The result is a network that spans two or more environments. Workloads in AWS must reach databases on-premises. On-premises monitoring tools must reach AWS-hosted infrastructure. DNS must resolve names in both directions. The network boundary between AWS and on-premises cannot be an invisible wall — it must be a managed, well-understood connection with defined performance characteristics, failure behavior, and routing policy.

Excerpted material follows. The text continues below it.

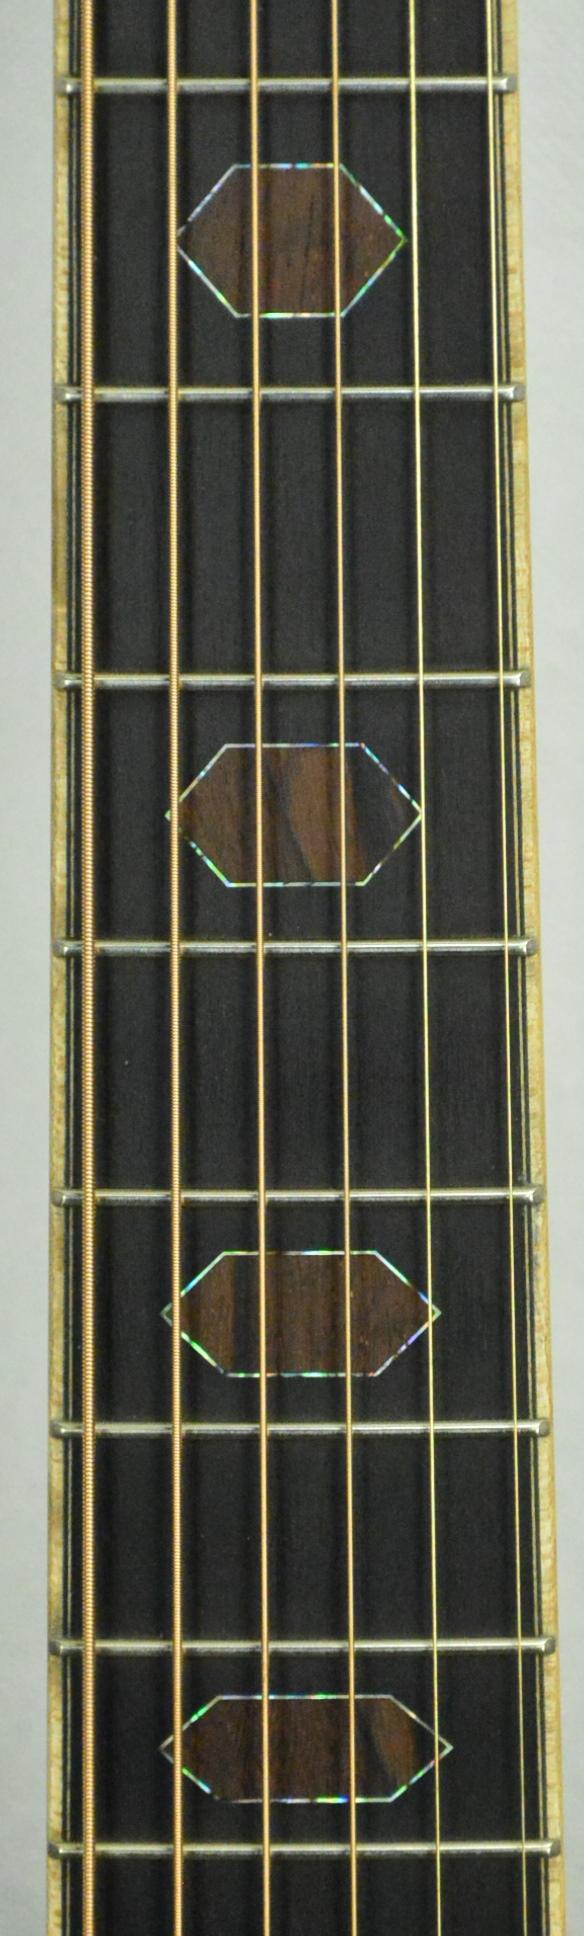 Q-2380924 S-1813251 OM HA Swiss Zircote Birdseye Binding (7).JPG

The central architectural decision is the transport mechanism: Site-to-Site VPN for encrypted tunnels over the public internet, or AWS Direct Connect for private dedicated circuits. Above the transport layer, Transit Gateway aggregates multiple connections into a hub-and-spoke routing architecture. PrivateLink exposes services privately between VPCs and accounts. Route 53 Resolver extends DNS resolution across the hybrid boundary.
Site-to-Site VPN
Site-to-Site VPN establishes an IPsec-encrypted tunnel between your on-premises router or firewall and AWS. Traffic is encrypted in transit and traverses the public internet.
Components
| Component | Description |
|---|---|
| Virtual Private Gateway (VGW) | AWS-side VPN endpoint. Attached to a VPC. One VGW per VPC maximum. |
| Customer Gateway (CGW) | AWS resource representing your on-premises VPN device. Contains the device’s public IP address and optional BGP ASN. |
| VPN Connection | The logical link between VGW and CGW. Always consists of two tunnels, each terminating on a different AWS endpoint in different AZs, for built-in redundancy. |
Routing
Site-to-Site VPN supports two routing modes:
- Static routing: Manually specify which on-premises CIDRs are reachable via the VPN. Simpler to configure, but requires manual updates whenever your on-premises network changes.
- Dynamic routing (BGP): Your VPN device and AWS exchange routes automatically. BGP is preferred for production — it enables automatic failover between tunnels and propagates route changes without intervention.
When both tunnels are active and your device supports ECMP, you can configure active-active across both tunnels to use the combined bandwidth.
Performance and Trade-offs
| Attribute | Detail |
|---|---|
| Throughput | Up to 1.25 Gbps per tunnel. Two tunnels per connection. ECMP across tunnels for aggregate. |
| Latency | Variable — traffic traverses the public internet. Acceptable for management, remote offices, non-latency-sensitive workloads. |
| Setup time | Minutes to hours. No physical provisioning required. |
| Cost | Hourly charge per VPN connection plus data transfer out. |
| Encryption | IPsec (IKEv1 or IKEv2), AES-256. Always encrypted. |
VPN is the right starting point for hybrid connectivity: fast to deploy, no infrastructure provisioning, and encrypted by default. When requirements grow — consistent latency, high bandwidth, strict data sovereignty — Direct Connect replaces or supplements it.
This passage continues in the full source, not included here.